Distributed computing system framework, according to the characteristics of data set, mainly divided into data-flow and streaming two kinds. Data-flow mainly data blocks for data processing data, representing: MR, Spark, and so on, I call them big data, and streaming is mainly processing the data obtained within the unit, this way, more focus on real-time, mainly including Strom, jstorm and Samza, etc. , I call them fast data.
In this article, I mainly talk about streaming related frameworks.
The first is storm, a real-time computing system that assumes that the data source is dynamic and that it can process data as if it were flowing water.
It is characterized by low latency, high performance, distributed, scalable, and fault tolerance.
The schema is shown in the following figure.
The specific concept of storm can be referred to: http://blog.csdn.net/hljlzc2007/article/details/12976211, here does not do specific introduction.
Storm is now the most stable open-source streaming framework, but the individual thinks it has two problems.
1. Storm, while supporting multiple languages to write spout and bolt-side code, but its main technical implementation is clojure, which to play big data, open-source friends brought great changes, because the language is not in Java and C + + and other popular language, so it becomes uncontrolled , it is difficult to understand and modify its details.
2. Storm can support the ability to share Hadoop cluster resources with other open source frameworks on yarn (Hadoop 2.0), but with poor performance, this needs to be improved by storm
Of course, Storm is still the king of the current open source streaming framework.
The second thing I want to say is jstorm, this is what Ali does, it is another implementation of storm, it uses the language is java.
Characteristics:
1. The client's API is basically the same as storm, and if you migrate from storm, you don't need to modify the bolt and spout code.
2. Jstrom is more stable and faster than Strom
3. Provides a number of new features
We are interested to play, project address Https://github.com/alibaba/jstorm
The third one is Samza.
Samza is a technology that is open source for LinkedIn, an open source distributed streaming system, very similar to storm. The difference is that it runs on top of Hadoop and uses its own Kafka distributed message processing system.
This is a small and beautiful project developed by Linkin, how beautiful it is.
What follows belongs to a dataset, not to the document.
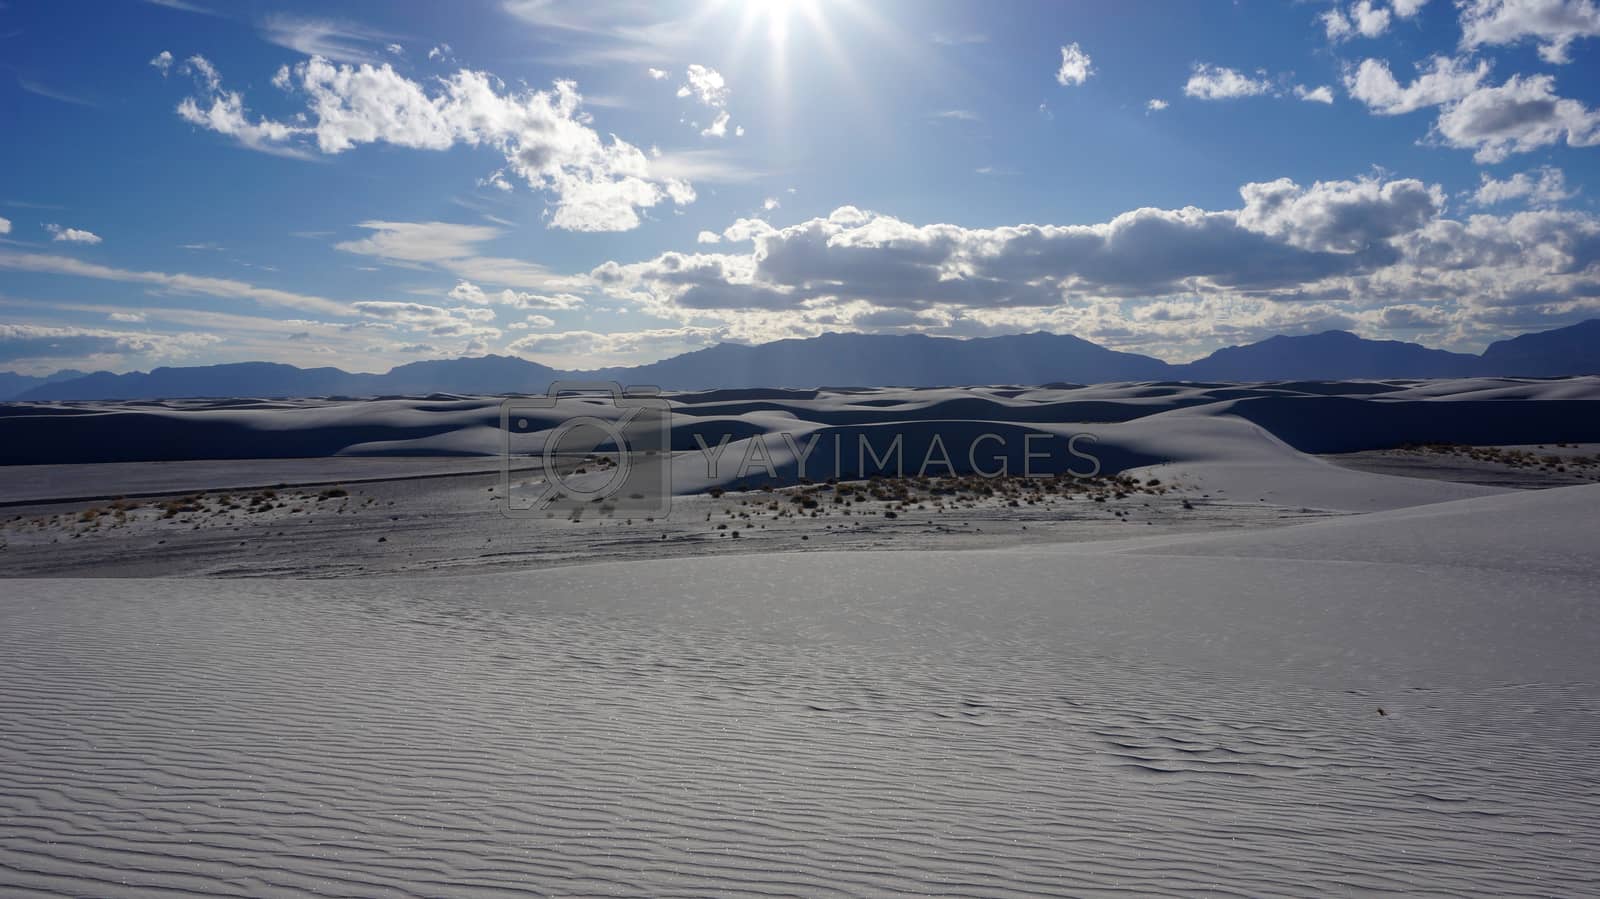 Royalty free image of White Sands, New Mexico by tang90246
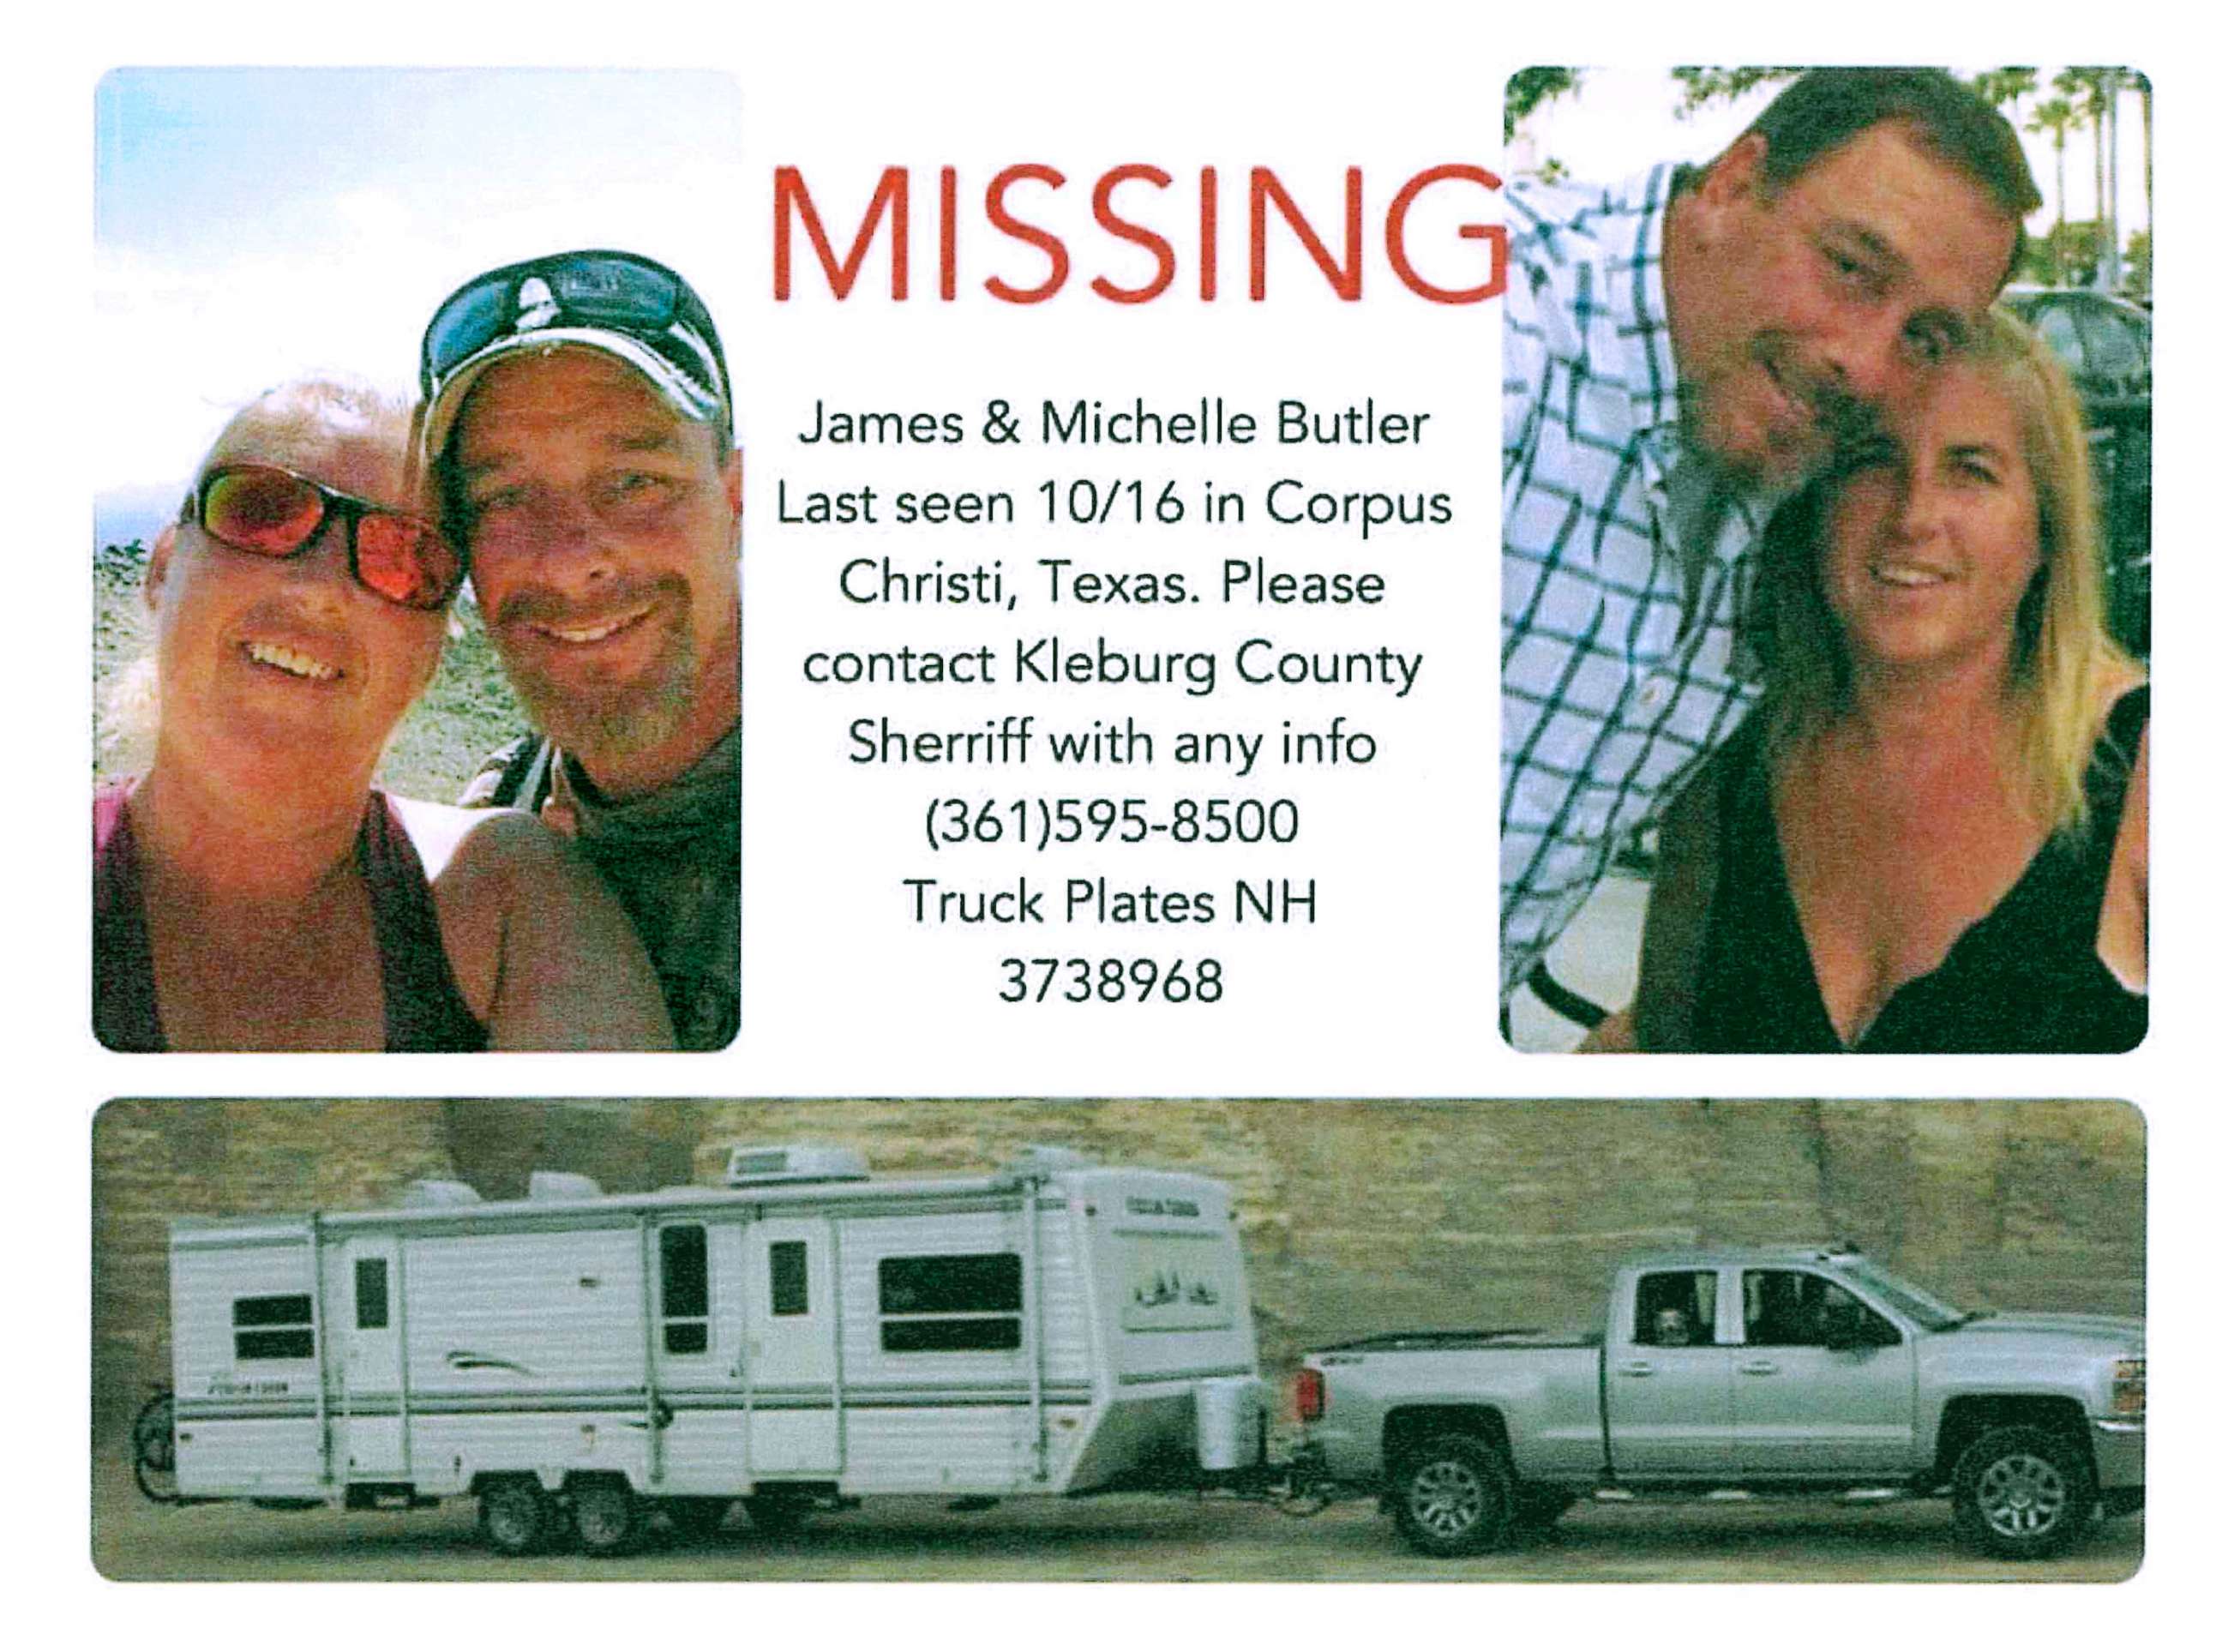 PHOTO: This poster released by the Kleberg County Sheriff's Office in Kingsville, Texas, shows James and Michelle Butler, of Rumney, N.H.

1. Only thousands of lines of code, the completion of the function can be comparable with storm, of course, there are still a lot of shortcomings
2. Combined with Kafka, more convenient processing of data
3. Running on yarn
One of the projects I've done before is Kafka + Storm + ElasticSearch, which will be able to replace Storm with Samza in the future, and use the resources of the Hadoop cluster to do some storage and offline analysis. Both real-time and off-line analytics are running on Hadoop, and it has to be said that Samza is a great project, which can reduce the complexity of the project's growth, facilitate maintenance, or the words, small and beautiful things, more popular.
Architecture:
Samza mainly consists of three layers,
1. Stream processing Layer--Kafka
2. Execution Layer--YARN
3. Processing layer--Samza API
Samza's streaming and execution layers are pluggable, and developers can use other frameworks instead of the two technologies.
Samza provides a yarn applicationmaster, and yarn job, running outside of the cluster, with different colors representing different hosts in the image below.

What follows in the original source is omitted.